Ein Glück ist, wie immer, die planlose Festival-Drift

Ja, das Dockville-Programm. Als studentischen Einflusszonen Entwachsener fragt man sich automatisch angesichts vieler unbekannterer oder auch, pardon, gewöhnungsbedürftiger Electronic-Folk-Bands wie den Crystal Fighters, ob man vielleicht den Faden verloren hat? Ein Glück ist, wie immer, die Festival-Drift. Halb zieht es einen, halb geht man freiwillig die längeren und kürzeren Wege. Es wird ja überall etwas geboten. Auch auf den Dockville-Pfaden selbst, auf denen junge Menschen das tun, was junge Menschen eben so tun: Polonaise laufen. Programmatische T-Shirts tragen („Trinken hilft“). Rauchen. Lustige Plakate („Ein Glied kann eine Brücke sein“) in die Höhe recken, mit schönen Grüßen an Joy Fleming.

Die englischbaskische
Band Crystal
Fighters spielte am Sonnabend
Die englischbaskische Band Crystal Fighters spielte am Sonnabend © dpa | Markus Scholz

Was den Liebesakt in Wort und Ton angeht, hat übrigens das Hamburger Duo Schnipo Schranke zuletzt versucht, Maßstäbe zu setzen. Sein vulgärer Witz kommt bei den jungen Leuten sehr gut an, die älteren könnten allerdings finden, dass er mit zwei, drei Songs zu Ende erzählt ist. Pop ist oft musikalischer Dilettantismus, und dafür darf man Schnipo Schranke dann doch wieder uneingeschränkt lieben.
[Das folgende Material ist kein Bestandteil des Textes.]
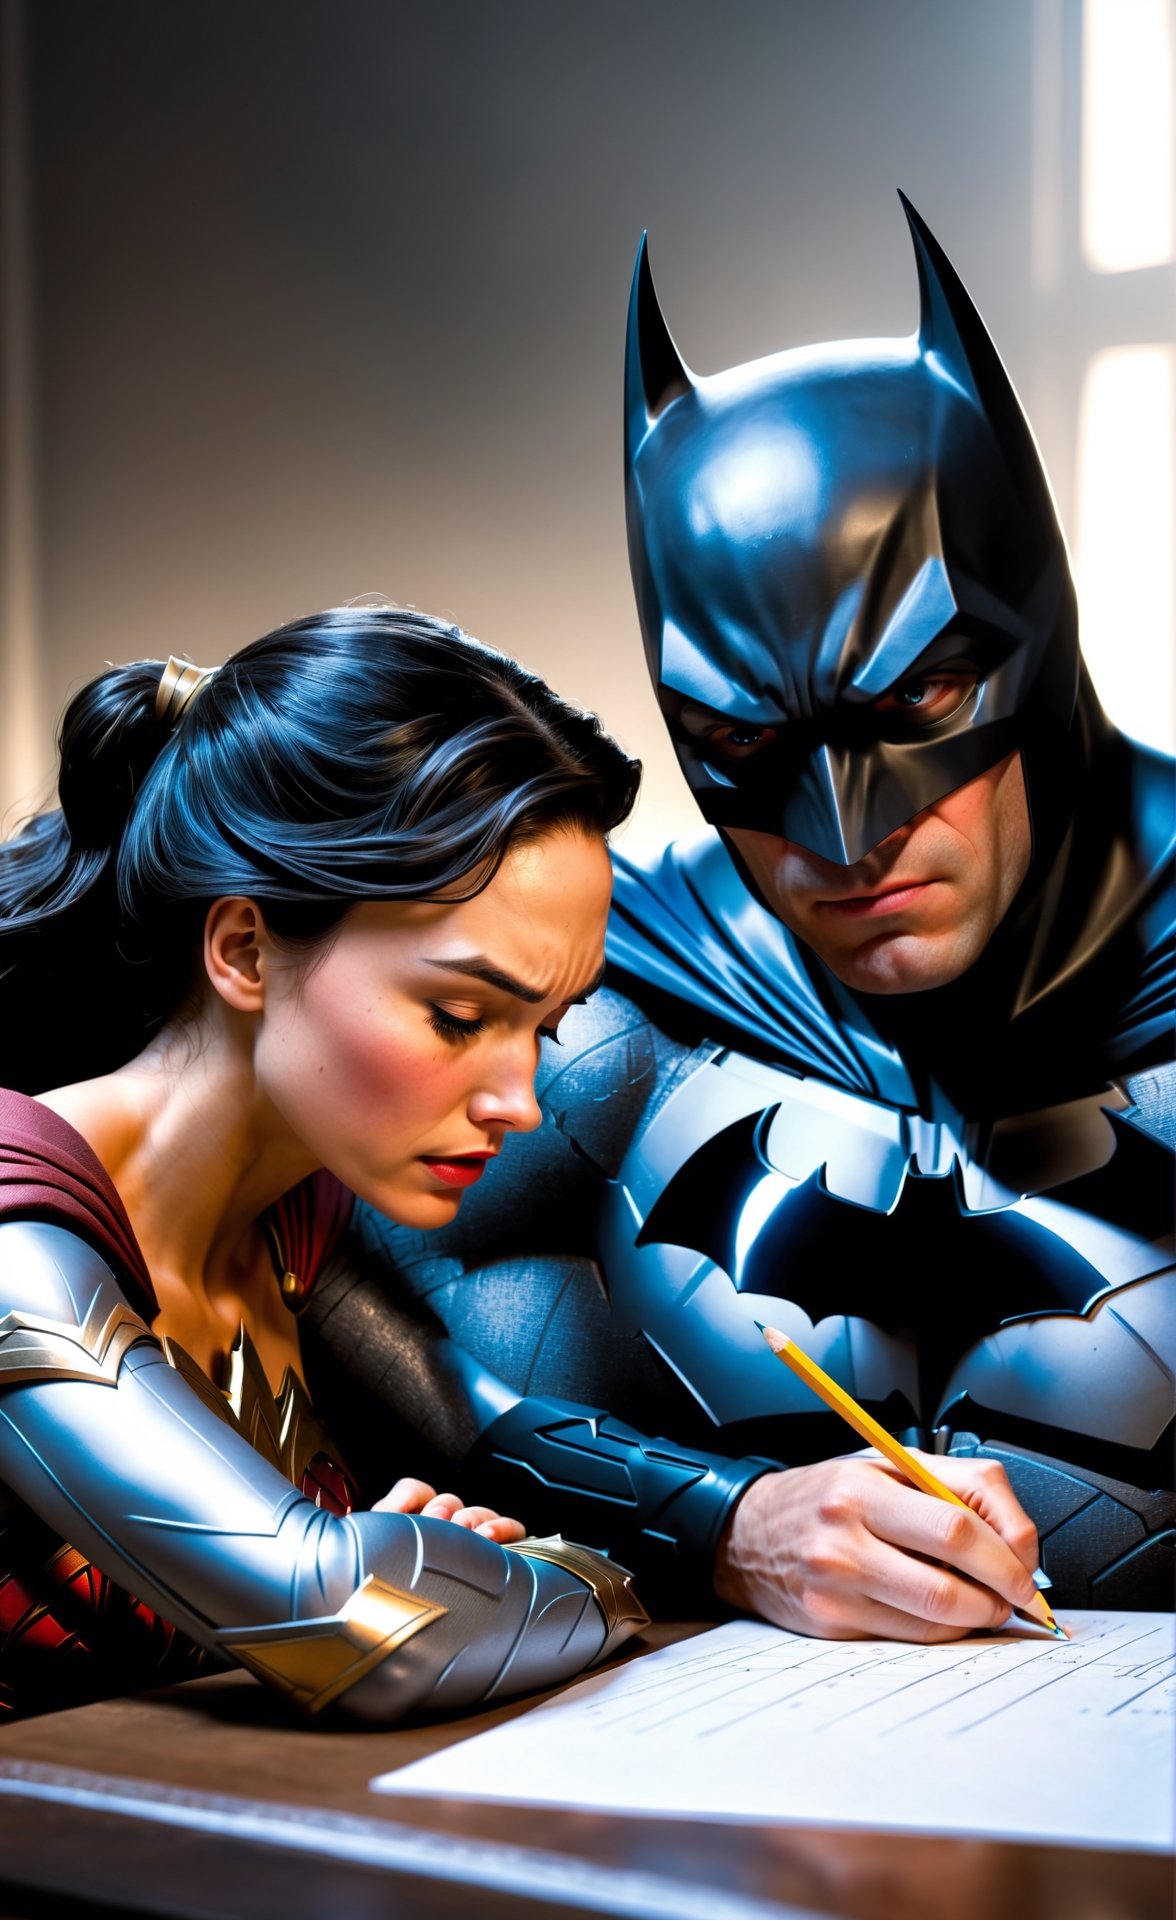 Create a 8k, photo realistic image of Batman trying to do math but math is hard and he is crying at the table over the pencil and paper. Have Wonder Woman behind him with her hand on his shoulder as she try's to comfort her friend.
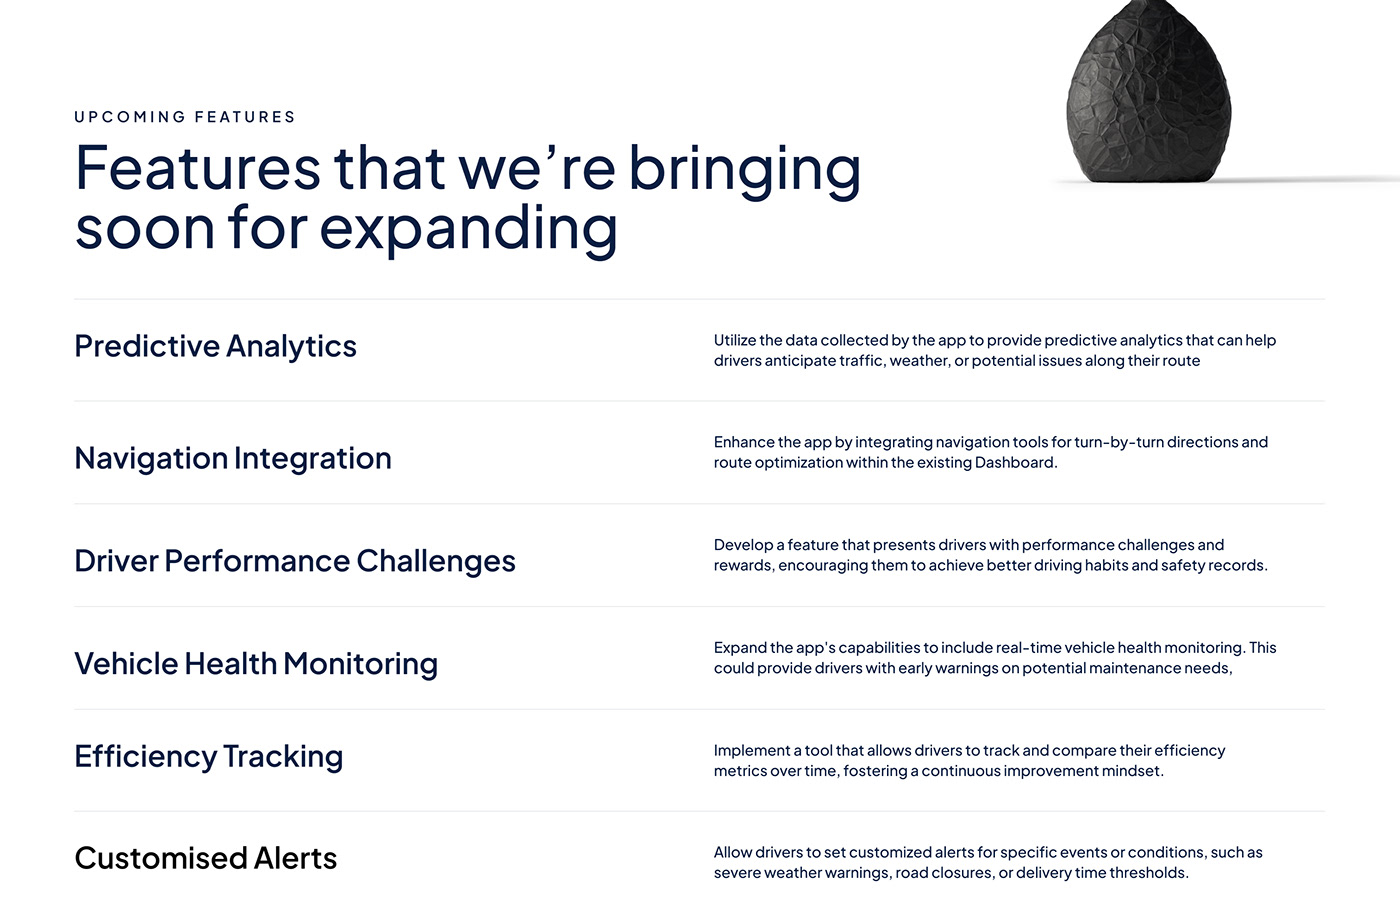 Upcoming features: predictive analysis, navigation, vehicle health, efficiency tracking & alerts

Dockville ist ein Publikumsfestival. Was wie eine Tautologie klingt, ist eine popinfrastrukturelle Leistung. Man kann hier auf dem Marsch durch die Hafenbrache Hip-Hop, Rock, Techno, Elektro und Indiepop hören, auf Deutsch und auf Englisch.

Das Schöne ist: Pop kann einen hier immer noch überraschen. Der Engländer Loyle Carner ist auf der Butterland-Bühne ein zu dessen eigener Überraschung heftig umjubelter Rapper. Und seine eigentlich tollen Landsleute Foals schaffen es als Hauptattraktion der ganzen dreitägigen, je Tag etwa 20.000 Besucher anlockenden Veranstaltung tatsächlich, das von der Songauswahl vielleicht schlechtestmögliche Konzert abzuliefern. Proll-Metal à la „Providence“? Da gehen wir lieber zu Bilderbuch nach nebenan.

Was bleibt, ist das Einlass-Armbändchen am Handgelenk. Normalerweise werden die nach einem Festival abgeschnitten, aber es fällt schwer. Es glitzert so schön silbern. Als hätte man immer seine eigene Discokugel dabei.